She squinted into the fading darkness. Were those footprints? She pushed a little closer to the window.
“They are! Max, get ready.” Ivy looked over her shoulder to find the dog sound asleep. “Big help you are!” Wholly exasperated, she turned back to the window. From this angle, she spotted large boot prints that led from the side of the house and around in the direction of the back kitchen door. “Who would be out there at this time?”
Gran hadn’t mentioned anyone being at the inn already so it couldn’t be a guest. She leaned in. Close enough where she could outline the frosted fingers of winter along the edges of the glass and her nose pressed into the cold crystal. “Come on.

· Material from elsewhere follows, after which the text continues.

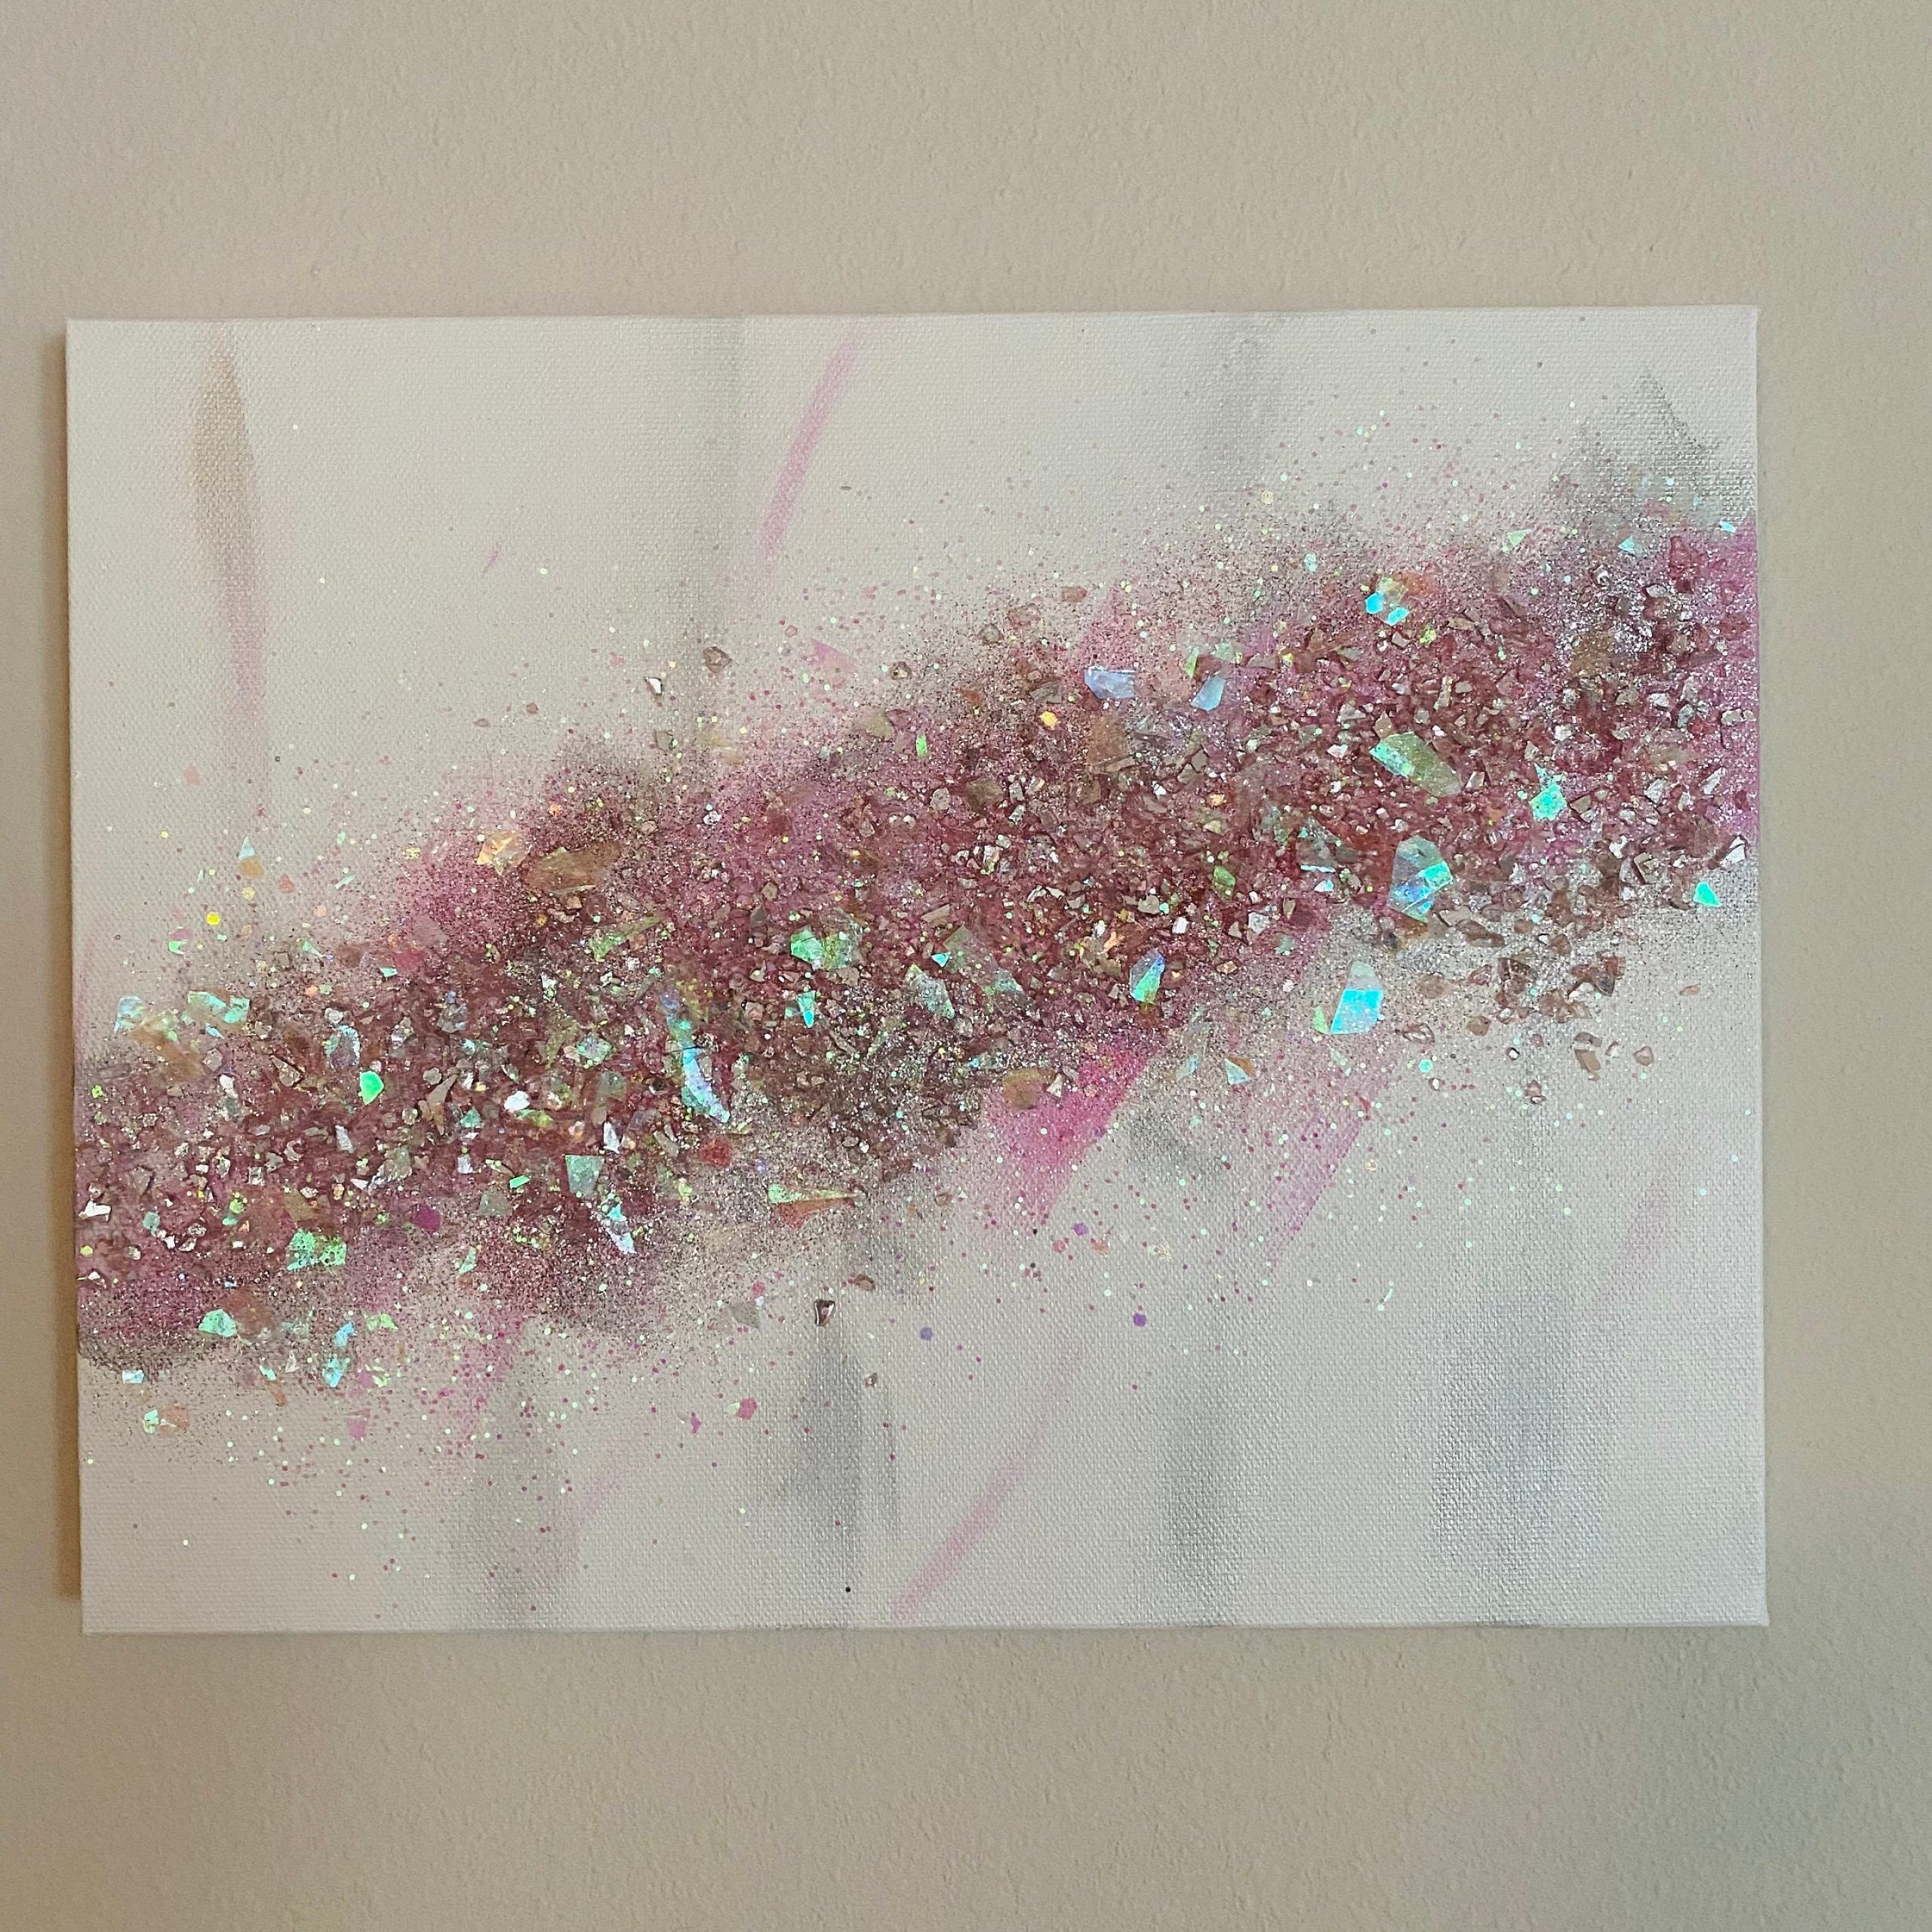 Pink Glitter Decor Z Gallerie Inspired White And Pink – Etsy For Most Recent Glitter Pink Wall Art (View 2 of 20)

Where did you go?”
Ivy shuffled her feet around the corner of the nightstand and craned her neck to the side for a better look. A thick thatch of brown hair poked out from the edge of the veranda right before a set of wide shoulders encased in red plaid and a muscular back came into view.
She pulled back and let the curtain fall into place when the stranger craned his neck around and looked in her direction.
“Crap!” After several seconds passed, she eased back to the window for another glance. “What kind of crazy man is out at this time of the morning?” He was gone. She didn’t know if that made her happy or more nervous.
With how her heart raced, the safer bet rested on the latter. Ivy fell to her hands and knees. Shuffling with a phone in one hand did not make for the stealth mode she aimed for. She scooted along the floor, nearly toppling over a ladder and stacked buckets of paints. Her gran’s crazy idea of waiting until almost a week before Christmas to spruce up the joint, as her gran put it, could be the death of her. The evidence of her claim stood outside right now, ax in hand.
Ivy stopped by her grandmother’s closed door. Not a sound and Max took her absence in bed as an invitation to spread out. Some guard dog.
Nothing kicked off the holiday season like a good jolt of horror and adrenaline. She should have snagged up her brother’s offer to get her a stun gun for her birthday. “Ivy, you’re a damn fool,” she reprimanded herself.
At the top of the stairs, she slowly shifted to her feet and made it down the hall to the kitchen without tripping over the wads of painter's plastic in ten steps when it normally took twenty. The distinct sound of wood splintering carried through the darkness above her head.
“What the hell? Chopping wood?” Who the heck went around chopping wood for people in the middle of the night? Maybe they needed the wood to burn the bodies. Hers and Gran’s. Poor Max.
She shook her head. The early hour coupled with her imagination fueled by too many hours watching cop shows played multiple murder scenarios over in her head. She didn’t want to be wrapped in painters’ plastic. That last few crime novels she’d read had scenes that came back to haunt her too.
Ivy popped her head up fast enough to grab the cordless phone off the kitchen counter. But nothing when she hit the power button. “Genius. No power means no phone.”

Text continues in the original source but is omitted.